Tuesday, February 28, 2023

By Gráinne Ní Aodha, PA

A national lead in charge of housing refugees and asylum seekers is needed in Ireland, a committee has head.

The Oireachtas Committee on Children, Equality, Disability, Integration and Youth was urged to push this issue as a matter of priority, having been told “a different approach” was needed on migration.

It comes as Ireland continues with the challenge of finding accommodation suitable for tens of thousands of Ukrainian nationals and other international protection seekers who arrived in Ireland last year.

Private accommodation provided by hotels and B&Bs; refurbished buildings owned by the State; and rapid-build modular homes are among the strategies Ireland has pursued to house people quickly.

Concerns have been raised about the number of public buildings that have been offered in response to requests from the Department of Integration, and the number of hotels expected to end contracts with the State ahead of the upcoming tourism season.

During an appearance before the Oireachtas committee on Tuesday, groups raised frustration that a national lead to coordinate Ireland’s response on migration had not been pursued.

Nick Henderson, chief executive of the Irish Refugee Council, said it had recommended in a crisis paper published in October that a refugee response director should be appointed.


He suggested that a lack of engagement from some government departments, which he called “deeply frustrating”, was an area where such a role could offer improvement.

“As an example, one thing that’s deeply frustrating at the moment is that people who arrive in Ireland may not be offered accommodation and they’re homeless,” he said.

“As an example, the lack of other government departments supporting people or at least responding to us.

“We sent out a letter to the Department of Justice, to the Department of Children, and the Department of Housing, saying that not accommodating people was a breach of the law – but if that is going to happen, you could take various mitigating measures to support people.

“Giving people information; supporting homeless services in the Dublin area; setting out clearly and in a language somebody would understand, what their rights and entitlements are, and we did that in mid January and we haven’t got a response.

“And that, we would imagine, is a very easy thing for somebody to do.”

New approach

Edel McGinley, director of the Migrant Rights Centre, also said a new approach was needed.

“For almost a year, we’ve been calling for central coordination, for somebody to lead that, and it’s fallen on deaf ears in government circles, across government, and in the Taoiseach’s office,” she said.

“And it’s exceptionally frustrating because you see the manifestation of this: the lack of coordination, the lack of an emergency approach that’s given to this issue by the government and by the Department of the Taoiseach.

“So I think it’s incumbent on this committee to really push for that and to really push for a whole of government approach, to support this minister in the delivery of that.

“We need a different approach now.
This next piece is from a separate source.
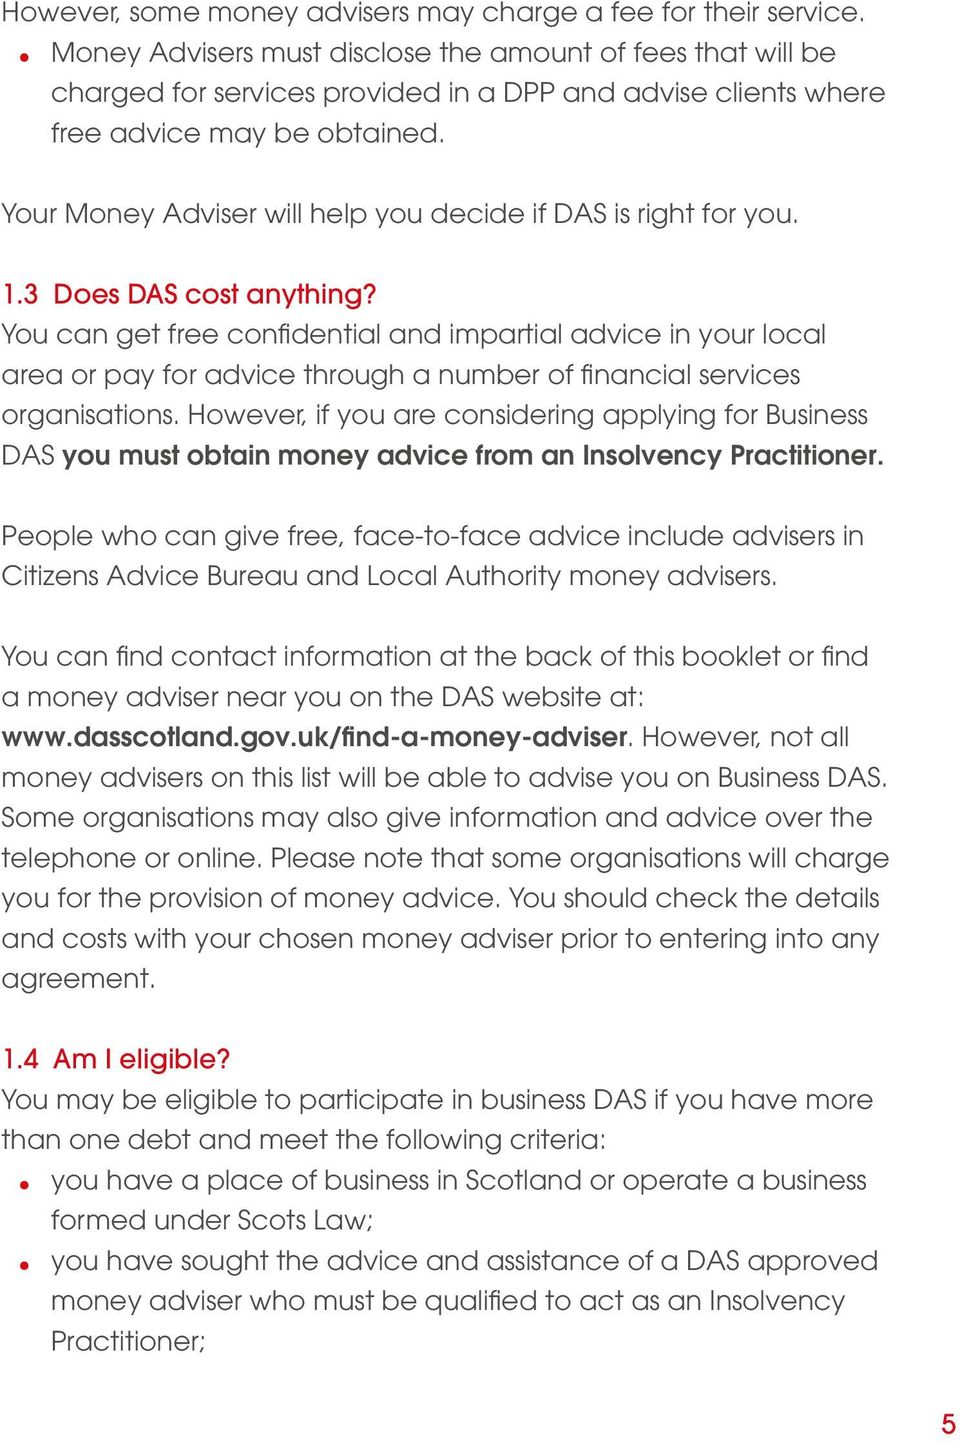 Your Money Adviser will help you decide if DAS is right for you. 1.3 Does DAS cost anything?

And that really needs to be pushed at this point.”

Reuben Hambakachere, a community development worker with Cultur Migrant Centre, also raised concerns that the International Protection Office (IPO) has started accelerating asylum applications.

He said that applicants now have less time to get legal advice before submitting their questionnaire, which is used as a reference document throughout the process of applying for asylum.

He also said that people in Direct Provision should not be overlooked as part of the government’s “spring bonus” for social welfare recipients announced last week.